- Marchisio in 1958

Personal details
- Born: December 2, 1902 Brooklyn, New York City
- Died: 7 October 1973 Brooklyn, New York City, New York
- Alma mater: St. John's University, Fordham University
- Occupation: Family Court Judge, Fund Raiser and President of ARI

= Juvenal P. Marchisio =

American lawyer

Juvenal P. Marchisio (December 2, 1902 - October 7, 1973) was an important, non-governmental, figure in Italy's recovery from World War II. He was affiliated with three organizations. In 1944, he took over from Myron C. Taylor, the American Relief for Italy president. He founded Boys' Town of Italy, bringing to that nation a model of childcare from the United States. Finally, recognizing the importance of immigration to the United States and Italy, he founded the American Committee on Italian Migration (ACIM).

==Biography==
Born in Brooklyn on December 2, 1902. He attended St. John's University where his father taught, and at the Royal University of Genoa, Italy, before studying law at Fordham. Marchisio's father was Secondo Marchisio, a philosophy and Latin professor.

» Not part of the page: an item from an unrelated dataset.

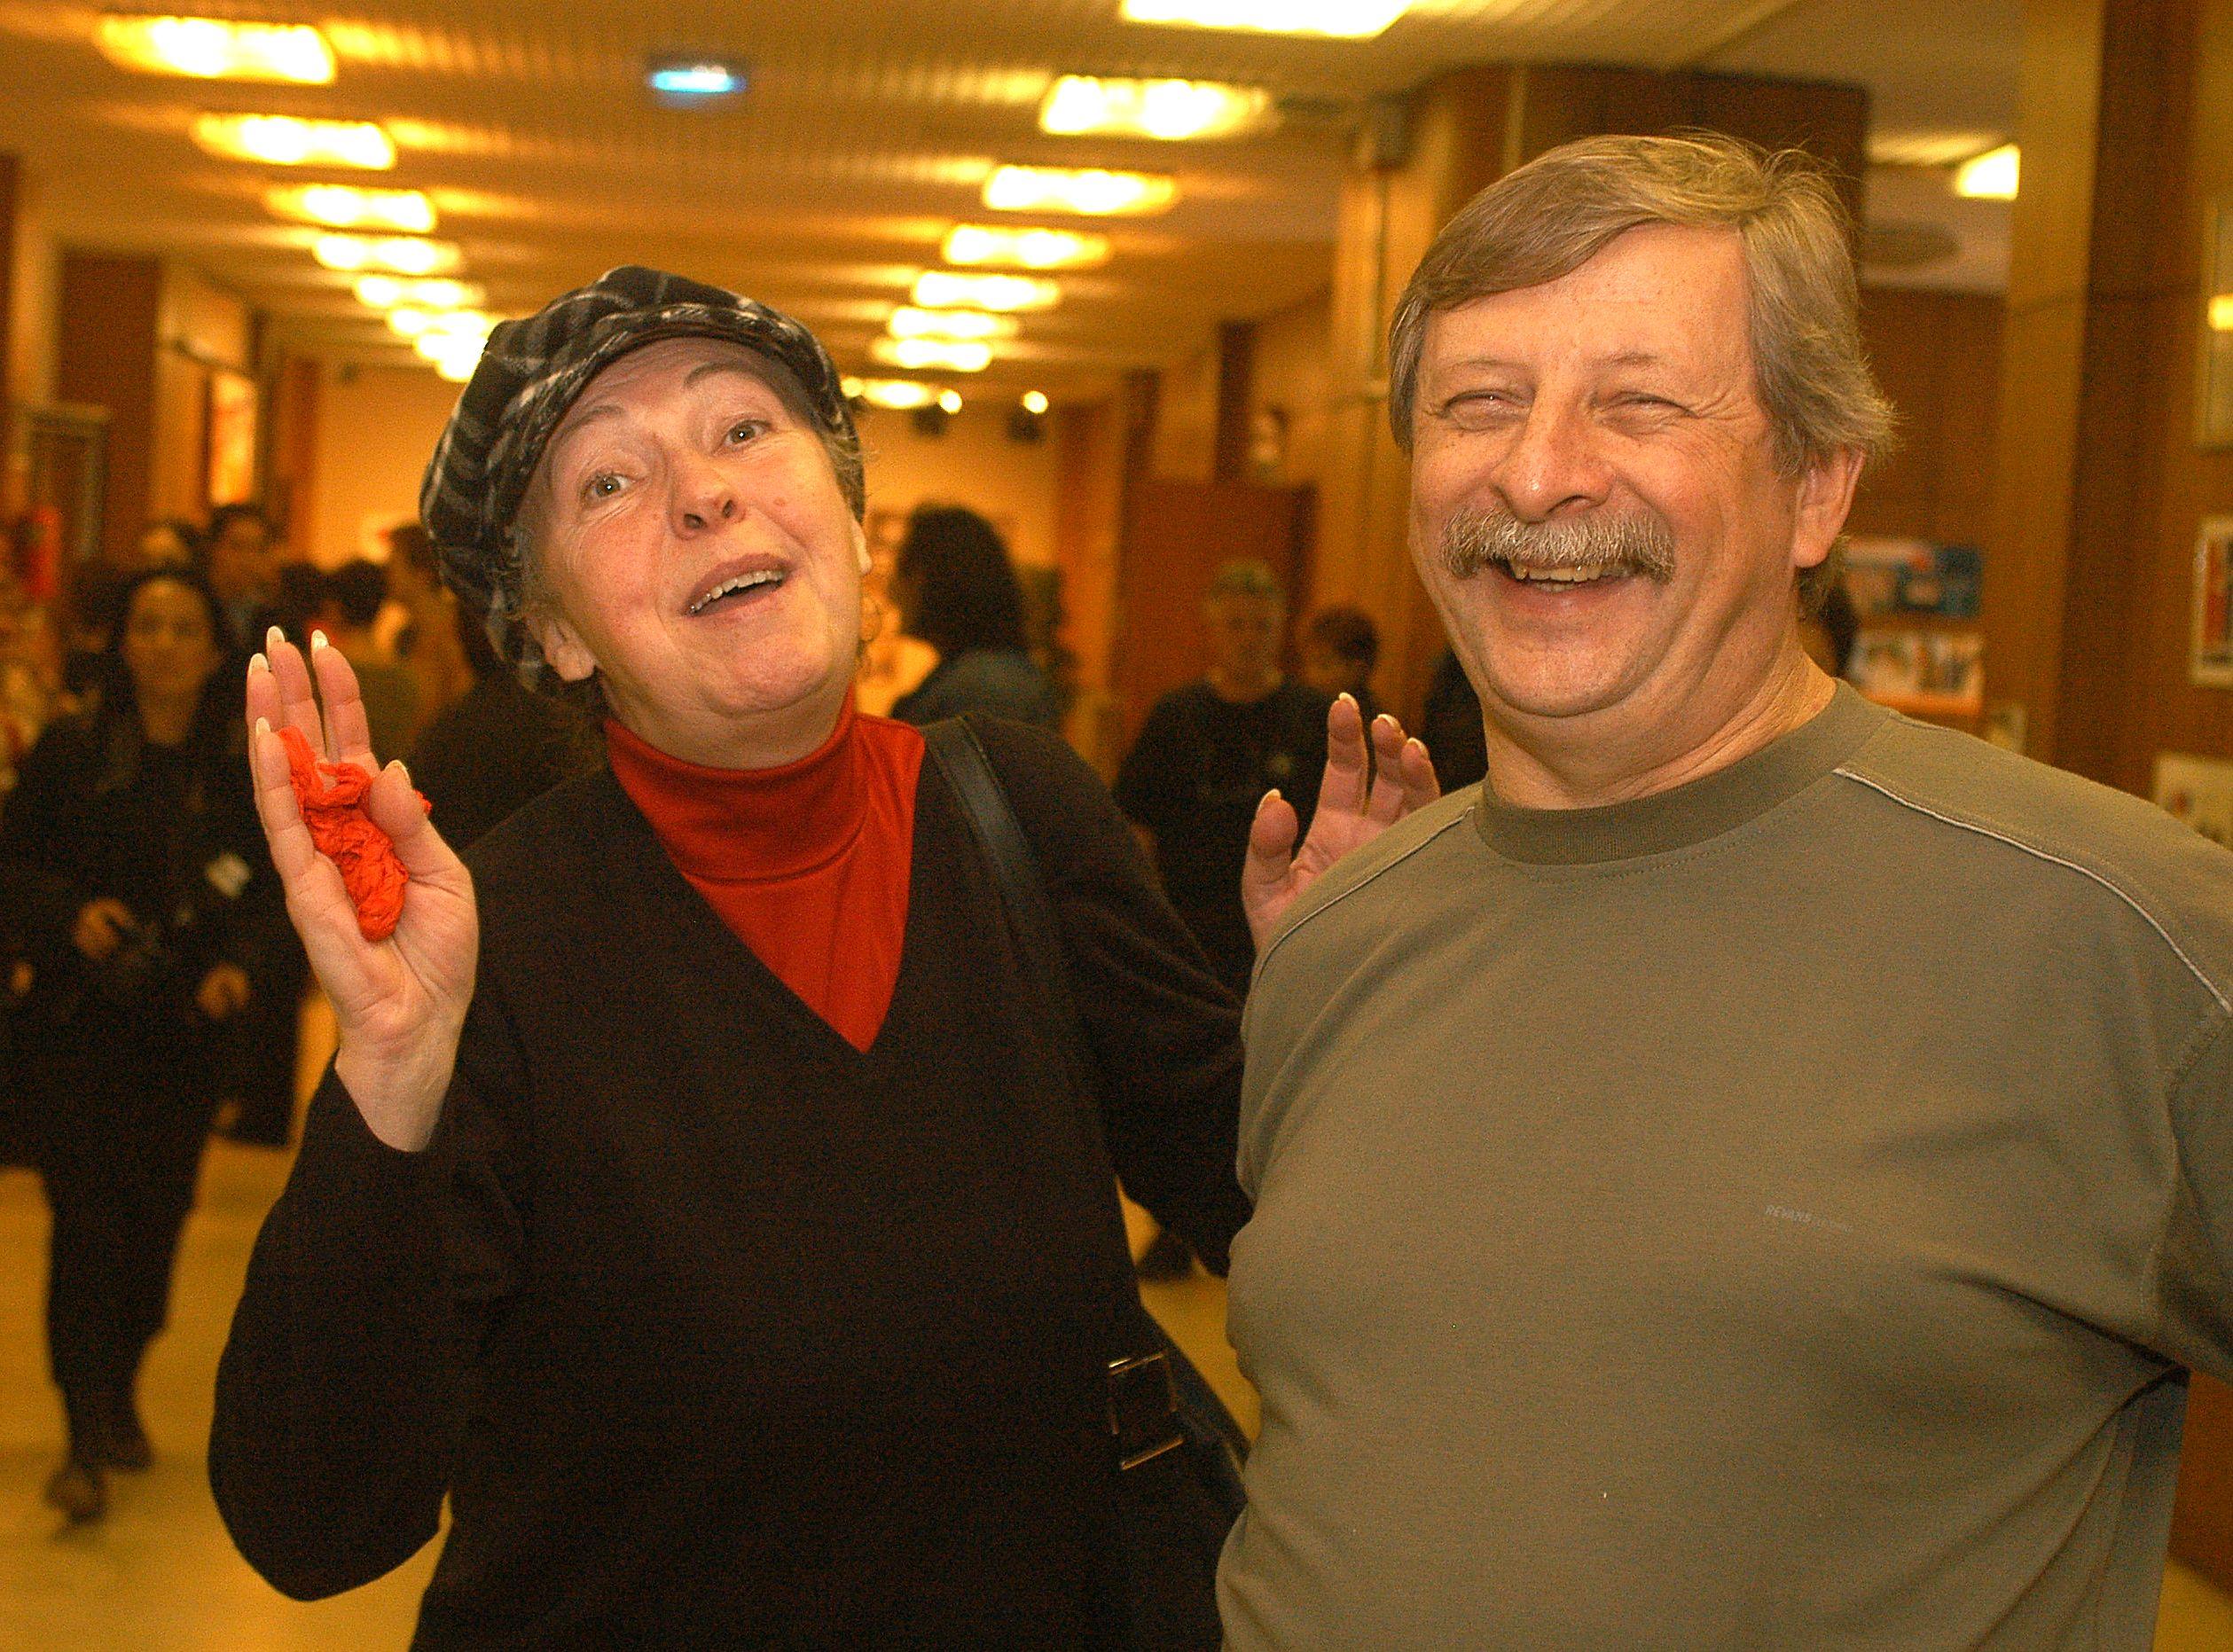 Várkonyi András és Fodor Zsóka így néztek ki 16 évvel ezelőtt (Fotó: smagpix)

Marchisio was on the faculty at St. Johns from 1921 to 1934, and taught Dantesque literature and government. From 1928 to 1930, he gave a series of popular radio lectures on law and political economy, which helped raise his profile. In 1934 he ran for congress, losing in the primary to eventual winner, Richard J. Tonry. Marchisio supported Italian politics before World War II, for instance speaking out in support of the Italians in the Second Italo-Ethiopian War. In 1937, Marchisio was appointed to a ten-year term as Justice of the Court of Domestic Relations by Mayor Fiorello H. La Guardia. Also at that time he was president of Il Crociato, the Roman Catholic Diocesan Italian newspaper, where he had formerly served as managing editor. He also served as vice president of the Italian Historical Society and was a prominent member of the Knights of Columbus.

In 1944, during World War II, he was appointed by Franklin D. Roosevelt to set up a nationwide organization to organize charity towards Italy, which became American Relief for Italy, and he became its president and fundraiser. In this, he helped send clothing and medical supplies to war torn Italy, even as the war continued. In 1944, he was given the rank of Magistral Knight-Grand Cross of the Sovereign Military Order of Malta, headed by Pope Pius XII. He also received the Silver Medal of Italy, the title of Privy Chamberlains of the Sword and Cape (also granted by Pope Pius XII), and the insignia of Knight Commander of the Order of Merit of the Italian Republic. He raised almost $40 million in supplies and funding for Italians displaced or victimized by World War II. During the early 1940s Marchisio initiated publicity and fundraising for Italy by unifying various charity groups including the Italian Welfare League, Christian Democratic Party, Boy Scouts and Sons of Italy. One of his largest contributions, in cooperation with the Christian Democratic Party, was the establishment of Boys' Town in Italy. Boys' Towns acted as Catholic orphanages for children of war veterans or those abandoned in destroyed cities. Specific efforts were made in order to accommodate the population of children, ensuring stable population growth.

He married Rosina Lawrence in 1939 and she ended her career as an actress. After many personal and professional achievements he died in 1973.